In New York’s fast food industry, where the median wage is $9.03 per hour, 62 percent of employees work at franchise locations like those of the large firms in our study. These companies take advantage of disproportionate power over the price of labor by holding their workers at or below the poverty line while reaping billions in profits each year. But research shows that even smaller companies could raise wages as high as $15 per hour while maintaining current levels of employment and rates of profit. Economists Robert Pollin and Jeannette Wicks-Lim at the University of Massachusetts Amherst’s Political Economy Research Institute demonstrate in a recent paper how companies can offset the increased costs of phasing in a new minimum wage. The authors estimate that productivity gains from reductions in turnover, training costs, and absenteeism will offset at least 17 percent of the total cost of the raise, based on industry-level estimates and the prevailing economics research on employer separation costs and elasticities. In addition, trend sales growth since the late 1990s shows that fast food sales grow on pace with the overall economy. While projected sales may be affected by the consumer response to price increases, Pollin and Wicks-Lim illustrate that employers can benefit from modest price increases that cover the remaining portion of the wage bill while accounting for the price elasticity of demand. With a combination of modest price increases, productivity increases, and the gains from growth, employers can choose to pay their workforce higher wages without negative employment effects, all while maintaining industry profitability.  
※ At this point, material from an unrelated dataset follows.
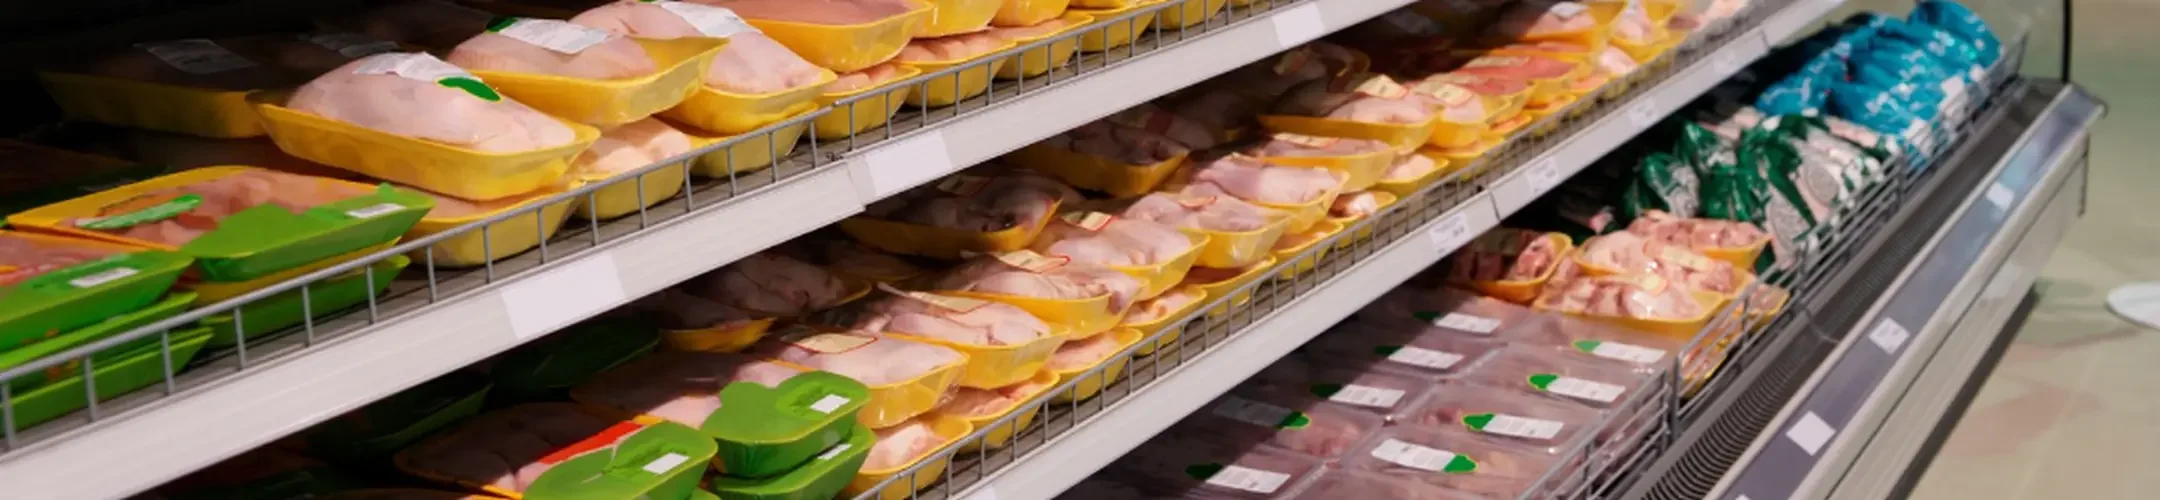 Kühlregal mit verpackten Fleischprodukten

In closing, I would like to attest to the potential for the fast food industry to be a leader advancing real opportunity for today’s workers. More than a decade ago, before I was a policy analyst or an economist, I was a fast food employee. It was one of the three jobs I held at the time, affording a simple budget with enough left over to save up to go to college after a couple of years. I put in hard hours for my employer and it eventually worked out just fine for me. My experience, however, is unrecognizable to those workers toiling in the low-wage economy today. Compared to the year when I earned my last fast food paycheck, the cost of living is higher and CEO and company earnings at large fast food chains have flourished, but wages have barely budged. At the same time, new complications like unstable, unpredictable, and on call scheduling have emerged to increase the barriers to workers trying to make their way in the industry. Low wages coupled with insufficient hours and unstable scheduling impose new costs on workers and are antithetical to the idea of work as an opportunity to make a productive contribution and to build a better life. We know that our economy can do better, and must. A raise for New York’s fast food workforce is an important step toward building an economy that rewards all of its members adequately for their contributions, and that makes work a path to financial security for all.